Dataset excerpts
************
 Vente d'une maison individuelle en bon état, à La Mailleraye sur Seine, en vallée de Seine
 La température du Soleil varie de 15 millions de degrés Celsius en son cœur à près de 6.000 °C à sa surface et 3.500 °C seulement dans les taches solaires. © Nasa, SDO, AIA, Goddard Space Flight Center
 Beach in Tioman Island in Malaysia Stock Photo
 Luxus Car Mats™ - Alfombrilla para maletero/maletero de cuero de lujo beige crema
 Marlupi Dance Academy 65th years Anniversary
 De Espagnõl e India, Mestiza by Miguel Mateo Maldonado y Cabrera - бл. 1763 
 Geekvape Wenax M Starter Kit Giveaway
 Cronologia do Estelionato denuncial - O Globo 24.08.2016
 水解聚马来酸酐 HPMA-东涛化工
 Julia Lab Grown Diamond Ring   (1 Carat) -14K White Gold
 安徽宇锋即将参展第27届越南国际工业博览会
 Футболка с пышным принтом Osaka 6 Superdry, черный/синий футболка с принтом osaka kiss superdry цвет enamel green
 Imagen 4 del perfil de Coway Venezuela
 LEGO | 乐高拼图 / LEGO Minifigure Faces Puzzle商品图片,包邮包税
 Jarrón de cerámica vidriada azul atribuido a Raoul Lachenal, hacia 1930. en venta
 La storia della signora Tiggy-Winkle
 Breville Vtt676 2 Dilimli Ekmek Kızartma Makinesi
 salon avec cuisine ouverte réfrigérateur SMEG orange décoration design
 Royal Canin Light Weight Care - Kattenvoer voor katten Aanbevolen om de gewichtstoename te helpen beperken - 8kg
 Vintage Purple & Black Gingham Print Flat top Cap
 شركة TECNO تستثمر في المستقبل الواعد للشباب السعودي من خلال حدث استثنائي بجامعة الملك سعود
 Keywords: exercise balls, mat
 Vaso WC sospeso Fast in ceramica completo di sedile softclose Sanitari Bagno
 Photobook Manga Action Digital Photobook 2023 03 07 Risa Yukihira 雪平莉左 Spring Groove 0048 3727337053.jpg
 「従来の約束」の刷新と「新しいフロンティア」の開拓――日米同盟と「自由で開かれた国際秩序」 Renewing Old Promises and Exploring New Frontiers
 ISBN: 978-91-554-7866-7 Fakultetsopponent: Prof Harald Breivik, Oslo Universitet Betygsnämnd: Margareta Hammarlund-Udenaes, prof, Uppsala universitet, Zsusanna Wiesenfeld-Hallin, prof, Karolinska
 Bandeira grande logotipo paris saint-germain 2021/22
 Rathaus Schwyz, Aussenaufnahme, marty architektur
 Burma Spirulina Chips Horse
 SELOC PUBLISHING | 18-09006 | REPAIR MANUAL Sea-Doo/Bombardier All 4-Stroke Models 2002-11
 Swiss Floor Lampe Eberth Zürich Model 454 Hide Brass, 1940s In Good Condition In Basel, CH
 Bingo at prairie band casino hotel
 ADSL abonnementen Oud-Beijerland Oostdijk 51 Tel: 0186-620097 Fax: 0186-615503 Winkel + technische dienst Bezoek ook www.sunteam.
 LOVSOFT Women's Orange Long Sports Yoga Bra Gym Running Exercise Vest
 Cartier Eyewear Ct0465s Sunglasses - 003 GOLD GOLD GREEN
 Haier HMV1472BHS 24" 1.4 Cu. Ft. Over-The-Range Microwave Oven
************
→ **Required work**
Retype all of the data exactly, so that nothing differs from what is given.

→ **Written solution**
 Vente d'une maison individuelle en bon état, à La Mailleraye sur Seine, en vallée de Seine
 La température du Soleil varie de 15 millions de degrés Celsius en son cœur à près de 6.000 °C à sa surface et 3.500 °C seulement dans les taches solaires. © Nasa, SDO, AIA, Goddard Space Flight Center
 Beach in Tioman Island in Malaysia Stock Photo
 Luxus Car Mats™ - Alfombrilla para maletero/maletero de cuero de lujo beige crema
 Marlupi Dance Academy 65th years Anniversary
 De Espagnõl e India, Mestiza by Miguel Mateo Maldonado y Cabrera - бл. 1763 
 Geekvape Wenax M Starter Kit Giveaway
 Cronologia do Estelionato denuncial - O Globo 24.08.2016
 水解聚马来酸酐 HPMA-东涛化工
 Julia Lab Grown Diamond Ring   (1 Carat) -14K White Gold
 安徽宇锋即将参展第27届越南国际工业博览会
 Футболка с пышным принтом Osaka 6 Superdry, черный/синий футболка с принтом osaka kiss superdry цвет enamel green
 Imagen 4 del perfil de Coway Venezuela
 LEGO | 乐高拼图 / LEGO Minifigure Faces Puzzle商品图片,包邮包税
 Jarrón de cerámica vidriada azul atribuido a Raoul Lachenal, hacia 1930. en venta
 La storia della signora Tiggy-Winkle
 Breville Vtt676 2 Dilimli Ekmek Kızartma Makinesi
 salon avec cuisine ouverte réfrigérateur SMEG orange décoration design
 Royal Canin Light Weight Care - Kattenvoer voor katten Aanbevolen om de gewichtstoename te helpen beperken - 8kg
 Vintage Purple & Black Gingham Print Flat top Cap
 شركة TECNO تستثمر في المستقبل الواعد للشباب السعودي من خلال حدث استثنائي بجامعة الملك سعود
 Keywords: exercise balls, mat
 Vaso WC sospeso Fast in ceramica completo di sedile softclose Sanitari Bagno
 Photobook Manga Action Digital Photobook 2023 03 07 Risa Yukihira 雪平莉左 Spring Groove 0048 3727337053.jpg
 「従来の約束」の刷新と「新しいフロンティア」の開拓――日米同盟と「自由で開かれた国際秩序」 Renewing Old Promises and Exploring New Frontiers
 ISBN: 978-91-554-7866-7 Fakultetsopponent: Prof Harald Breivik, Oslo Universitet Betygsnämnd: Margareta Hammarlund-Udenaes, prof, Uppsala universitet, Zsusanna Wiesenfeld-Hallin, prof, Karolinska
 Bandeira grande logotipo paris saint-germain 2021/22
 Rathaus Schwyz, Aussenaufnahme, marty architektur
 Burma Spirulina Chips Horse
 SELOC PUBLISHING | 18-09006 | REPAIR MANUAL Sea-Doo/Bombardier All 4-Stroke Models 2002-11
 Swiss Floor Lampe Eberth Zürich Model 454 Hide Brass, 1940s In Good Condition In Basel, CH
 Bingo at prairie band casino hotel
 ADSL abonnementen Oud-Beijerland Oostdijk 51 Tel: 0186-620097 Fax: 0186-615503 Winkel + technische dienst Bezoek ook www.sunteam.
 LOVSOFT Women's Orange Long Sports Yoga Bra Gym Running Exercise Vest
 Cartier Eyewear Ct0465s Sunglasses - 003 GOLD GOLD GREEN
 Haier HMV1472BHS 24" 1.4 Cu. Ft. Over-The-Range Microwave Oven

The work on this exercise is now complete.